More Firms Are (Cautiously) Hiring Summer Associates

By Cynthia Hsu, Esq. on February 08, 2012 | Last updated on March 21, 2019

Law firms are hiring more summer associates now.

Remember the blissful law school days before the financial meltdown in 2008? When you were a wee little 1L? When your hopes and dreams of landing that summer associate gig were actually within your reach?

If you do, you probably also remember the ensuing collapse of the economy. And the reduced hiring that followed. Perhaps you were even no-offered at the end of your summer. Or, maybe the firm you worked at went under.

So, the recent hiring uptick is good news for those still in school. But it's mediocre news for those outside of school. OCI for you is long over.

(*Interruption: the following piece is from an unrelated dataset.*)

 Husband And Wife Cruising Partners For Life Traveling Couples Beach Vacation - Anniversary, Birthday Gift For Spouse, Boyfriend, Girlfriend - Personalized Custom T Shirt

But if you have friends in law school, you might want to spread the word. It seems that firm hiring is finally increasing.

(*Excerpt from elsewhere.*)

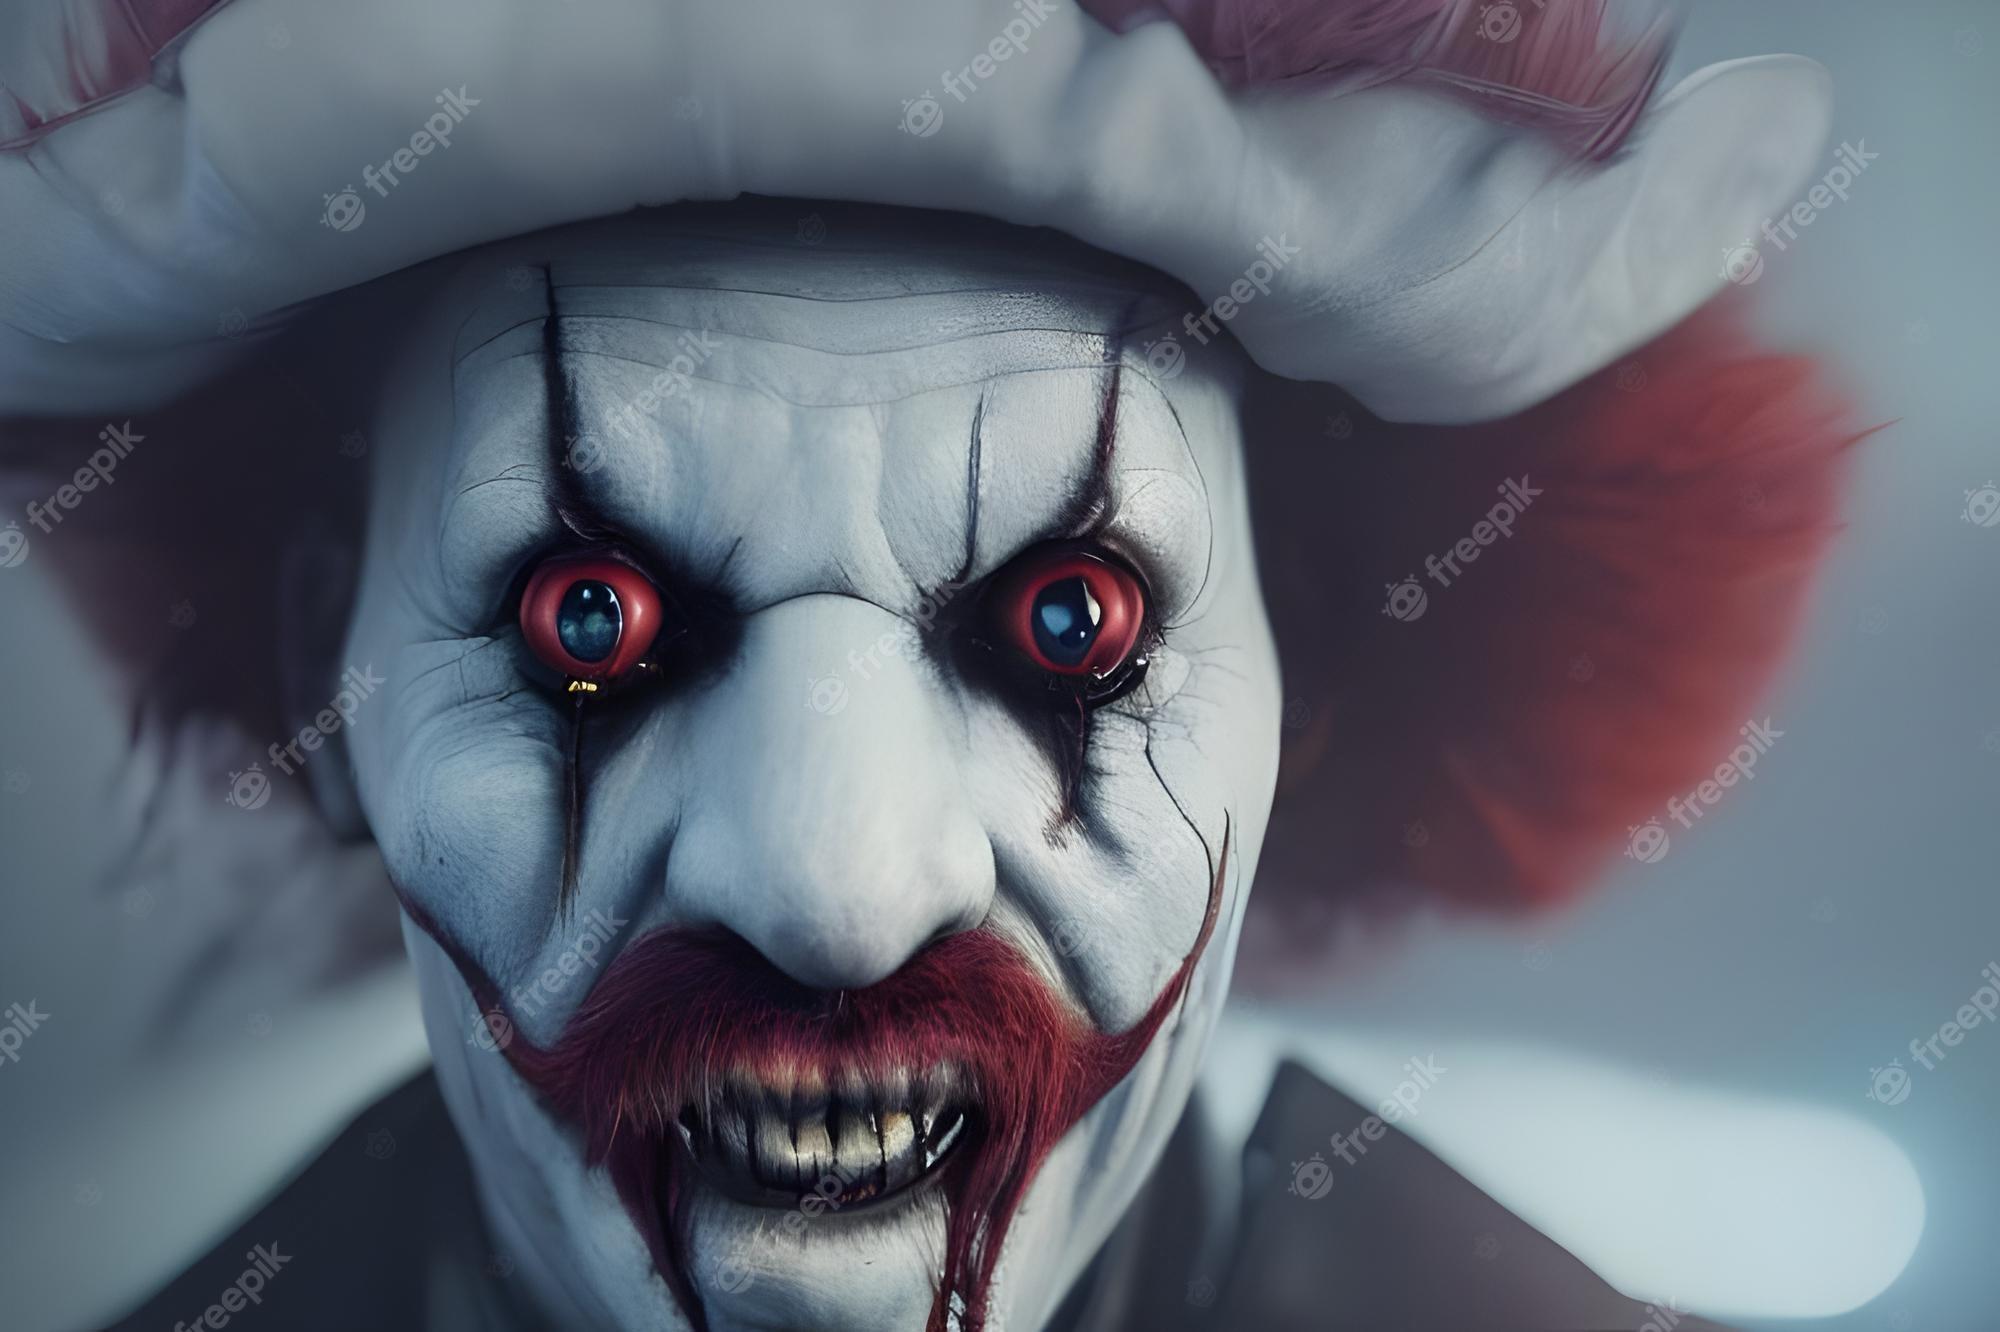 Premium Photo A Creepy Clown With Red Eyes And

In 2009, firms hired around 6,123 summer associates. That number was nearly halved in 2010. Firms hired only around 3,211, according to Thomson Reuters News & Insight.

Summer class sizes still aren't up to their pre-recession numbers. But they're getting closer. And more hiring is good for law students saddled with high debt.

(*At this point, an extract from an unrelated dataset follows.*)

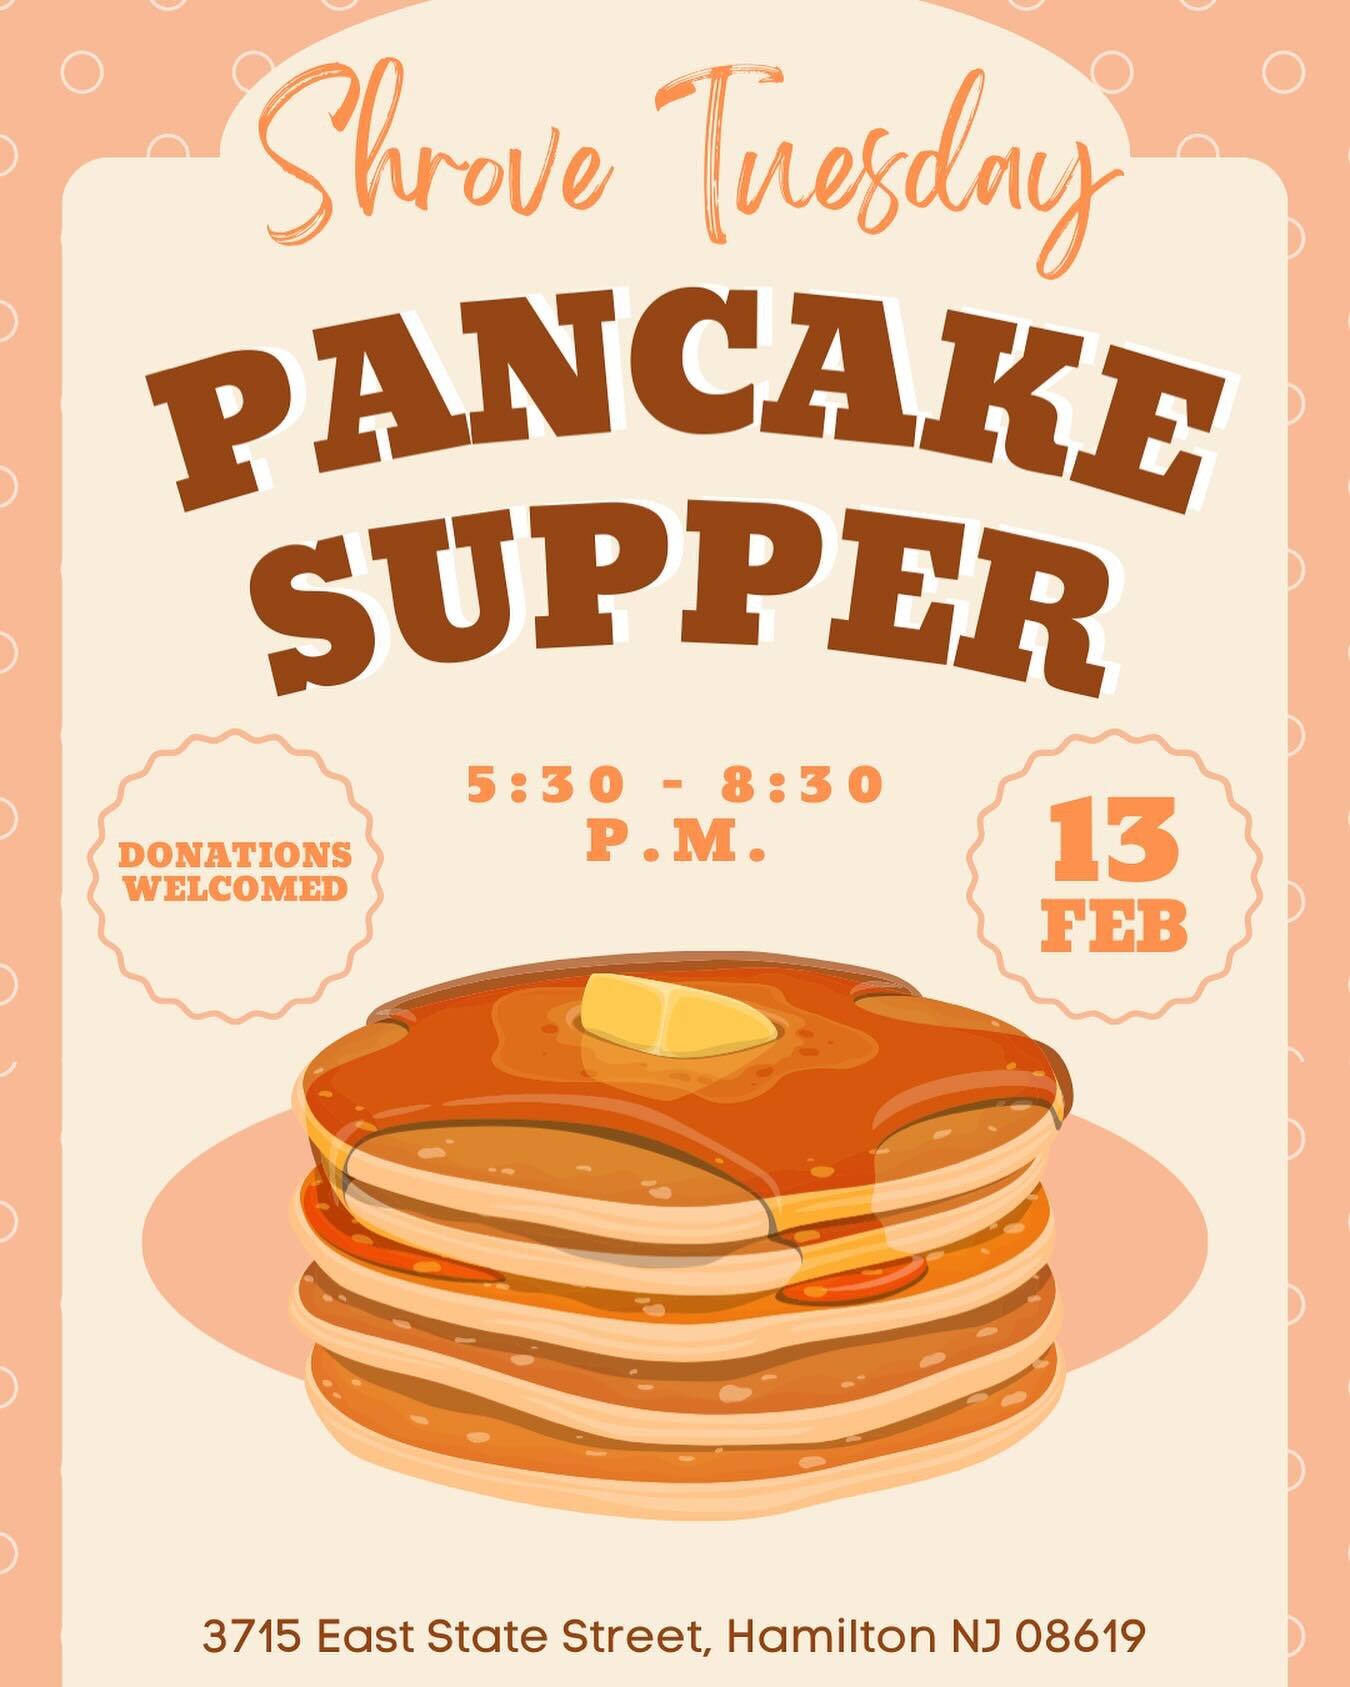 Please join us for our Shrove Tuesday Pancake Supper on Tuesday, February 13th from 5:30-8:30 p.m. We will have pancakes and toppings, plus bacon, sausage, and various drinks. Donations welcomed. See you then! 🥞

The impact could be felt at some top law schools across the nation. Around 70% of New York University School of Law 2L students landed summer gigs in 2011. This is an increase of 15% from the previous year.

Of course, if you went to a lower ranked school you still might be out luck. BigLaw hiring does tend to focus more on the "elite" schools.

But even so, it's a positive sign for the economy. Hiring more BigLaw peons (er, summer associates) likely means that there are more mergers, acquisitions, and transactions going on.